No changes. Rate limiting is an implementation concern of the Copilot adapter, not part of the abstract interface. Other adapters may have different rate limiting strategies or none at all.

---

## Edge Cases

| Scenario | Behaviour |
|---|---|
| Rate limit file does not exist | Treat as no previous requests. Create on first write. |
| Rate limit file contains invalid JSON | Treat as no previous requests. Overwrite on next write. |
| Rate limit file directory does not exist | Create it (same as `persist_token` does for the token file). |
| `min_request_interval: nil` or `0` | Per-request cooldown disabled. |
| `rate_limit: nil` | Sliding window disabled. Only cooldown applies. |
| Both disabled | `wait!` is a no-op (returns immediately). |
| `rate_limit:` missing `requests` or `period` key | Raises `ArgumentError` in constructor. |
| `rate_limit: { requests: 0, ... }` or negative | Raises `ArgumentError` in constructor. |
| Clock skew between processes | Handled — we use monotonic-ish `Time.now.to_f`. Minor skew (sub-second) is acceptable. Major skew (NTP jump) could cause one extra wait or one early request, which is acceptable. |
| Process killed while holding lock | `flock` is automatically released by the OS when the file descriptor is closed (including process termination).

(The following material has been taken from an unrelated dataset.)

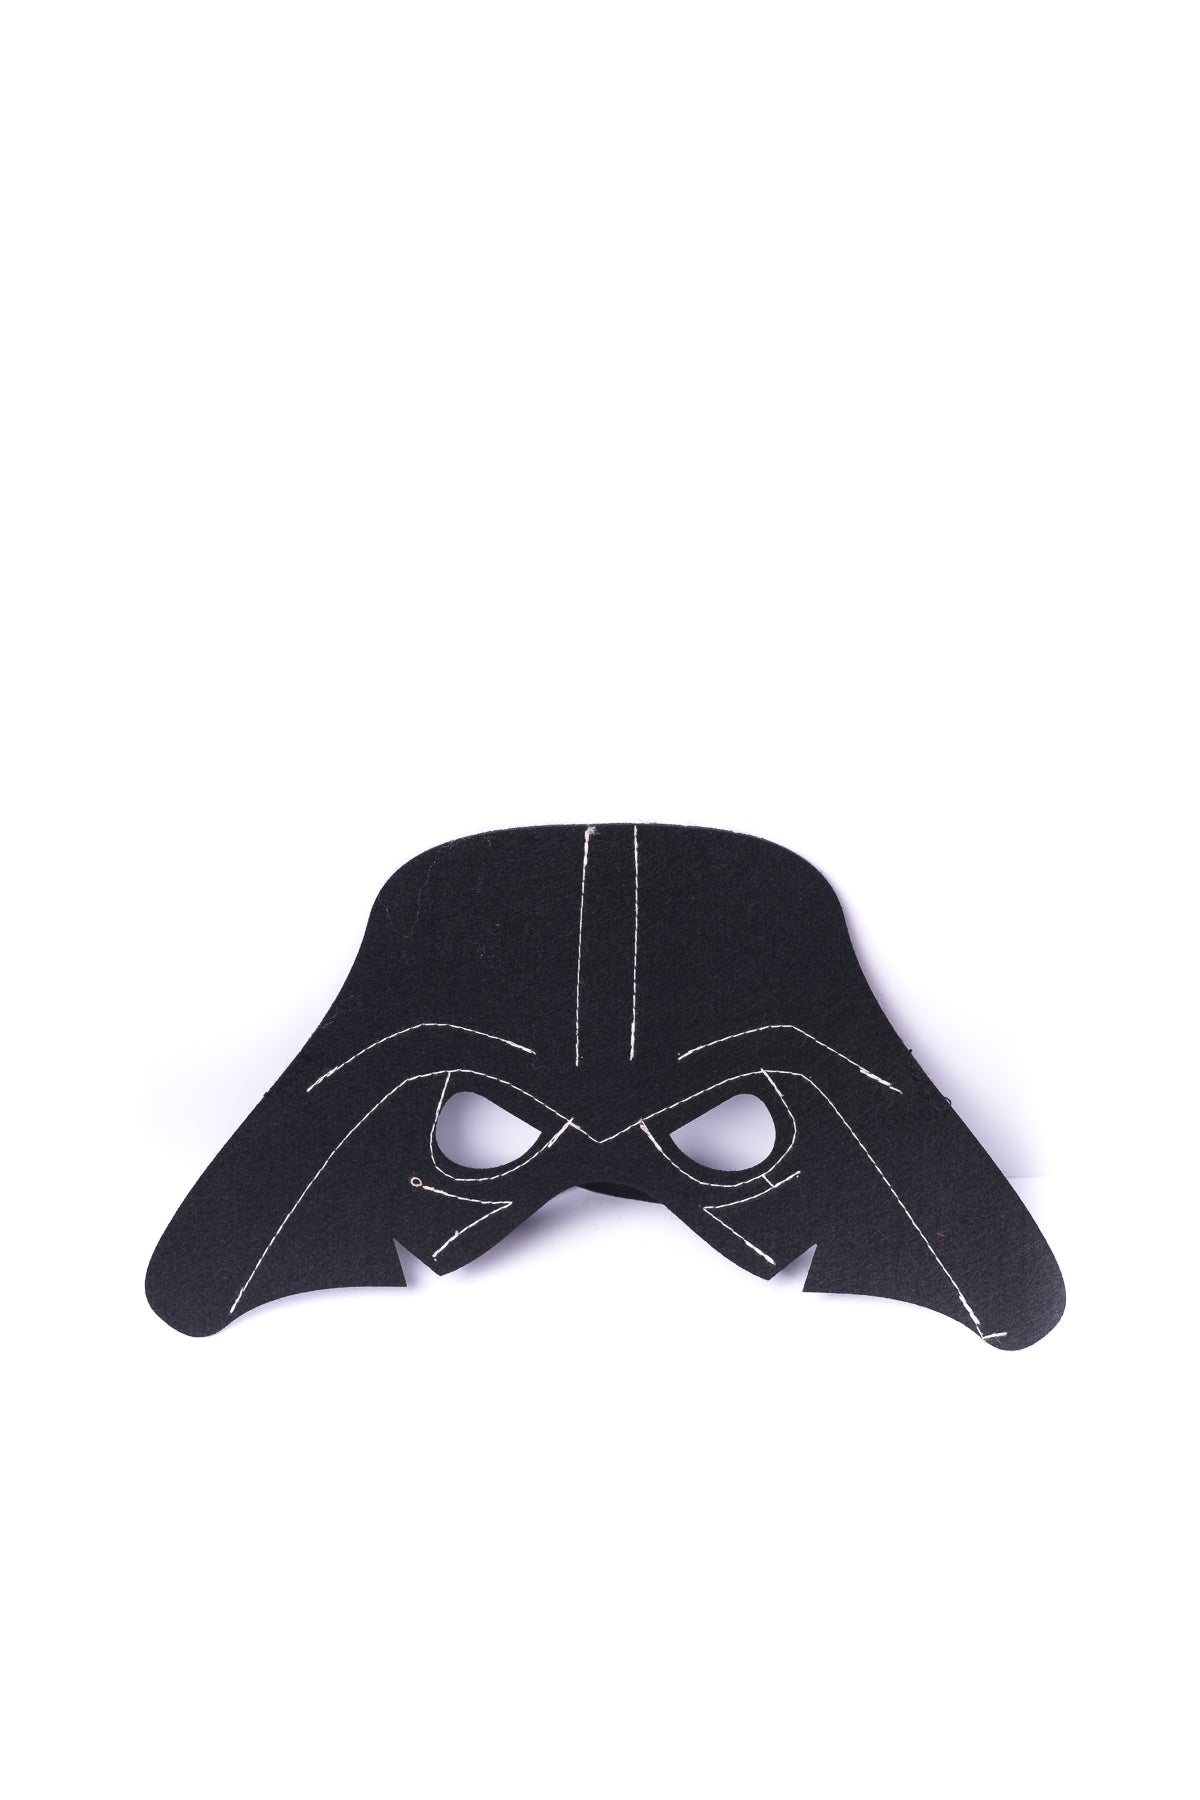 Darth Vader Mask and Cape Set

No stale locks. |
| Very long `request_log` after sustained use | Pruned on every write. Maximum size = `rate_limit[:requests]` entries. |

---

## Validation Rules

In the constructor:

- `min_request_interval` must be `nil`, or a `Numeric` >= 0. Raise `ArgumentError` otherwise.
- `rate_limit` must be `nil` or a `Hash` with:
  - `:requests` — positive `Integer`
  - `:period` — positive `Integer` or `Float`
  - No extra keys required; extra keys are ignored.
- Raise `ArgumentError` with a descriptive message on invalid config.